_Exercise data_.
──────────

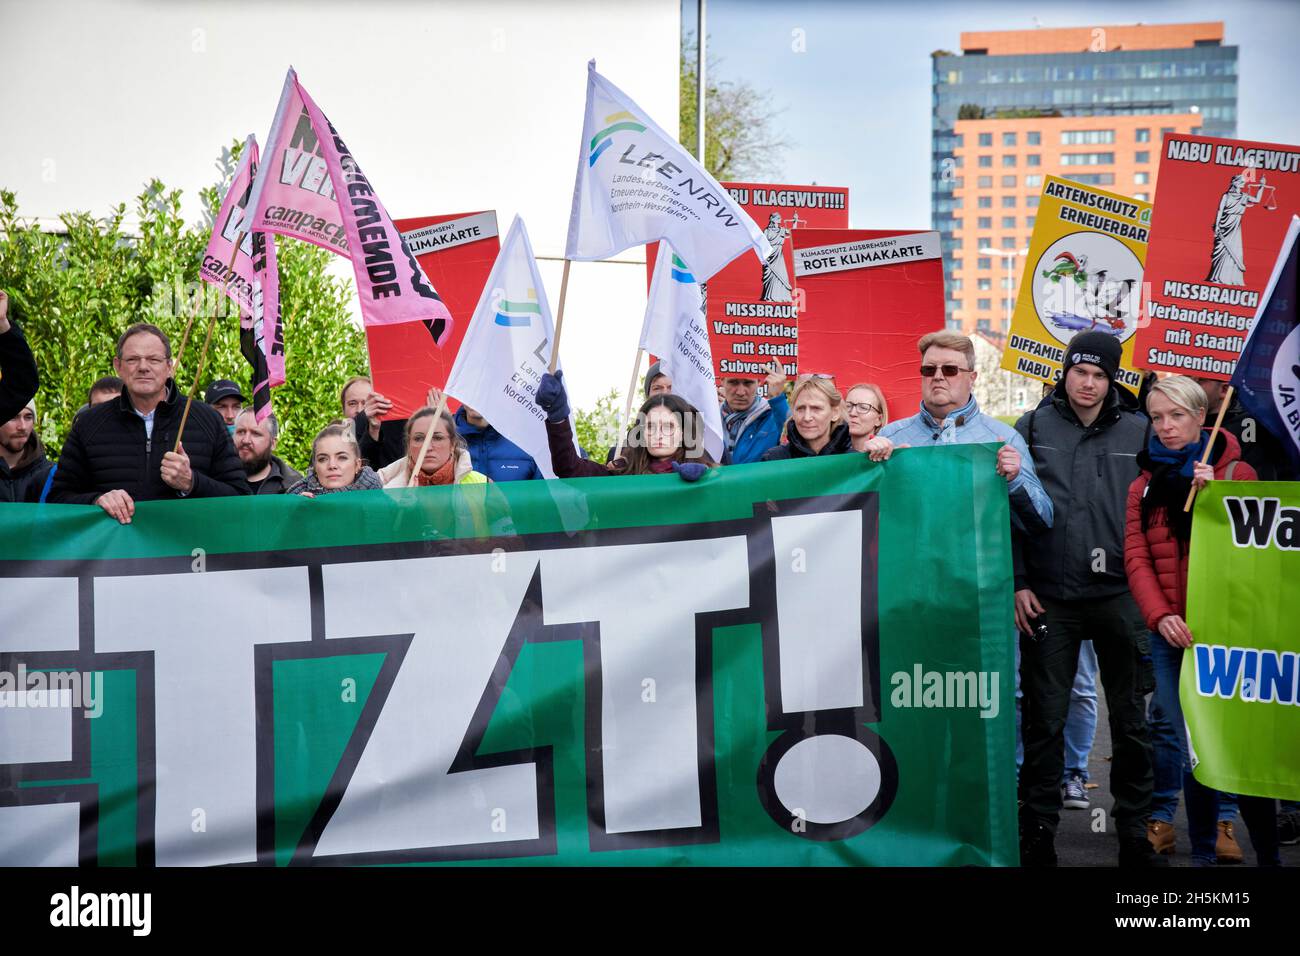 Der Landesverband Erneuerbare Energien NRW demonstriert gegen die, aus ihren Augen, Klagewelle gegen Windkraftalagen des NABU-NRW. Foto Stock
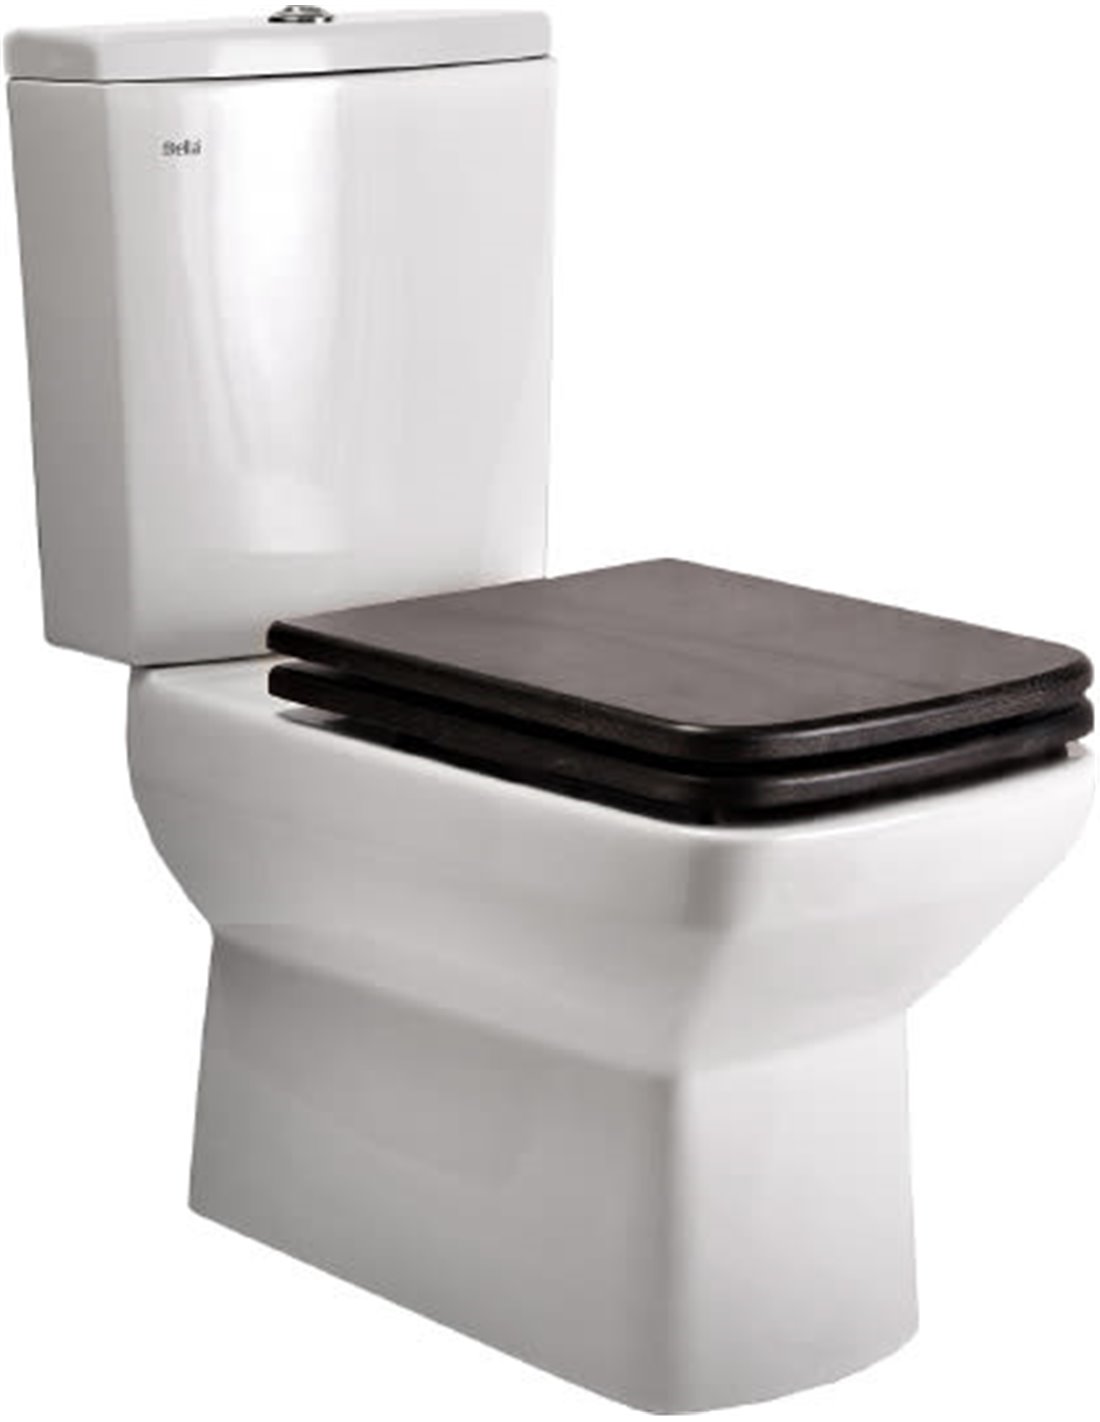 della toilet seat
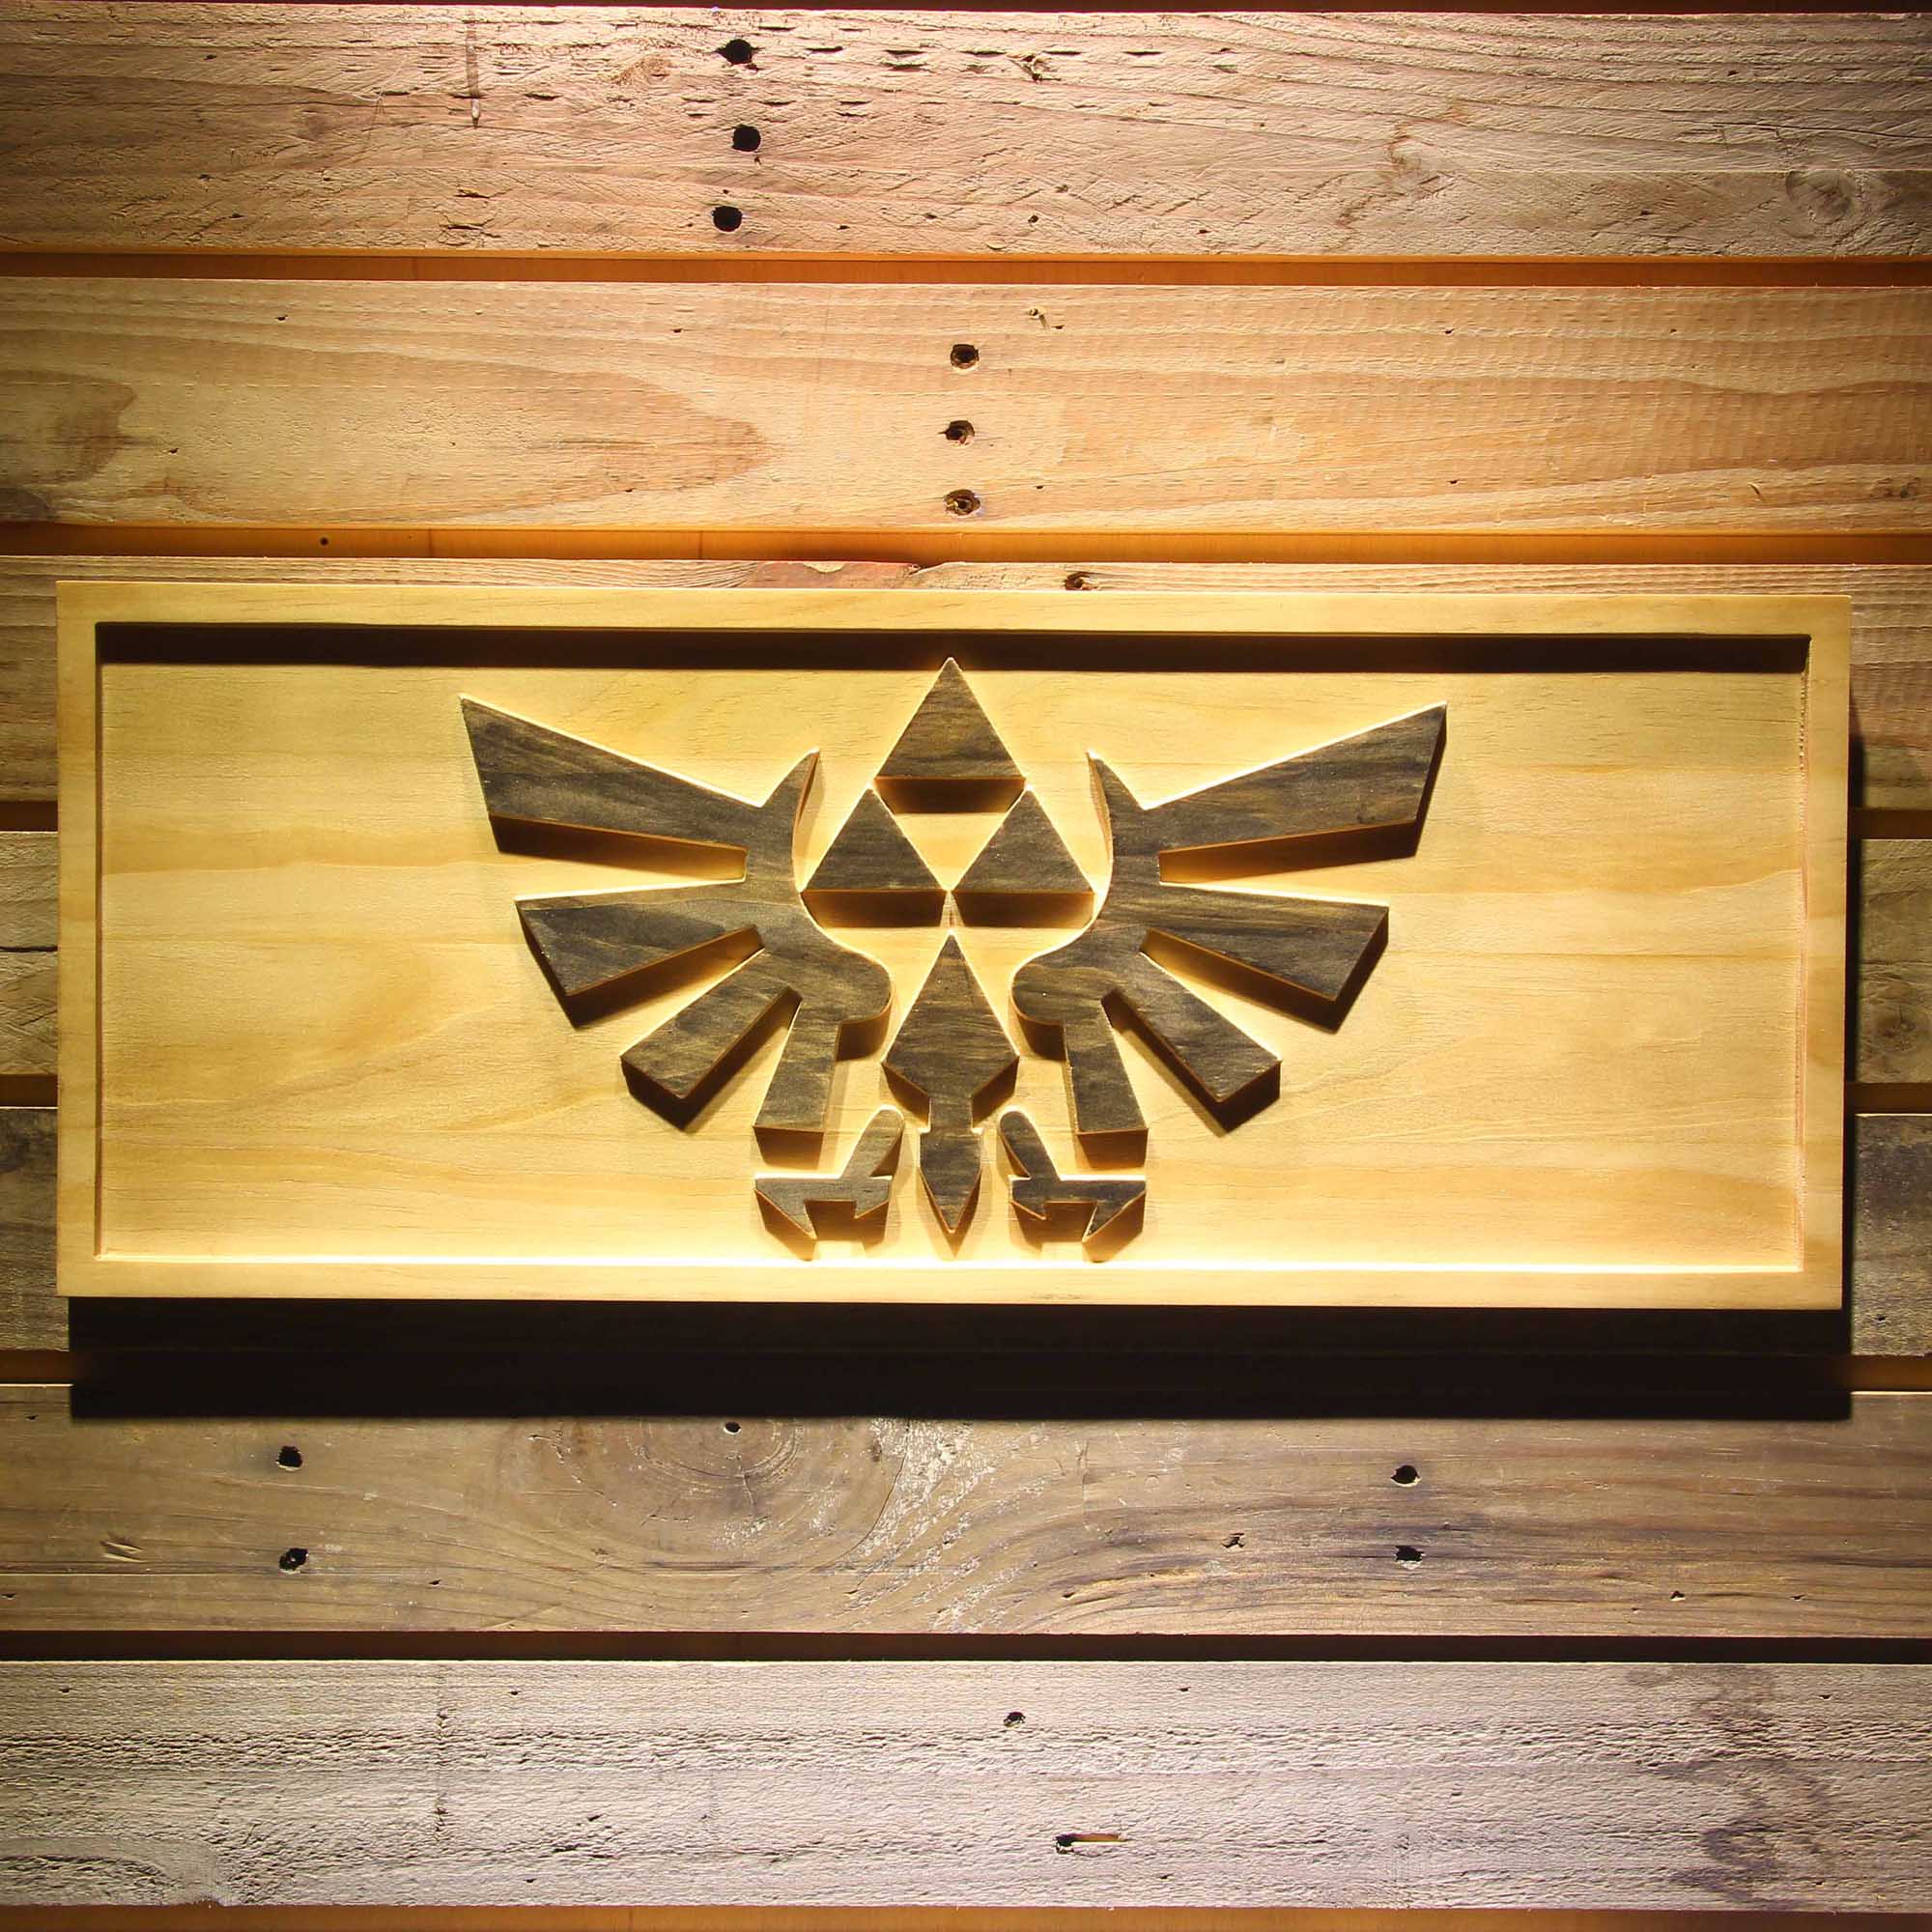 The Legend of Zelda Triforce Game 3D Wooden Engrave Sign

──────────

_How to complete this task_. Having located the line with "della toilet seat", transcribe exactly and only the lines from it to the final line of the material, skipping the pictures.

_Response area_.
 della toilet seat
 The Legend of Zelda Triforce Game 3D Wooden Engrave Sign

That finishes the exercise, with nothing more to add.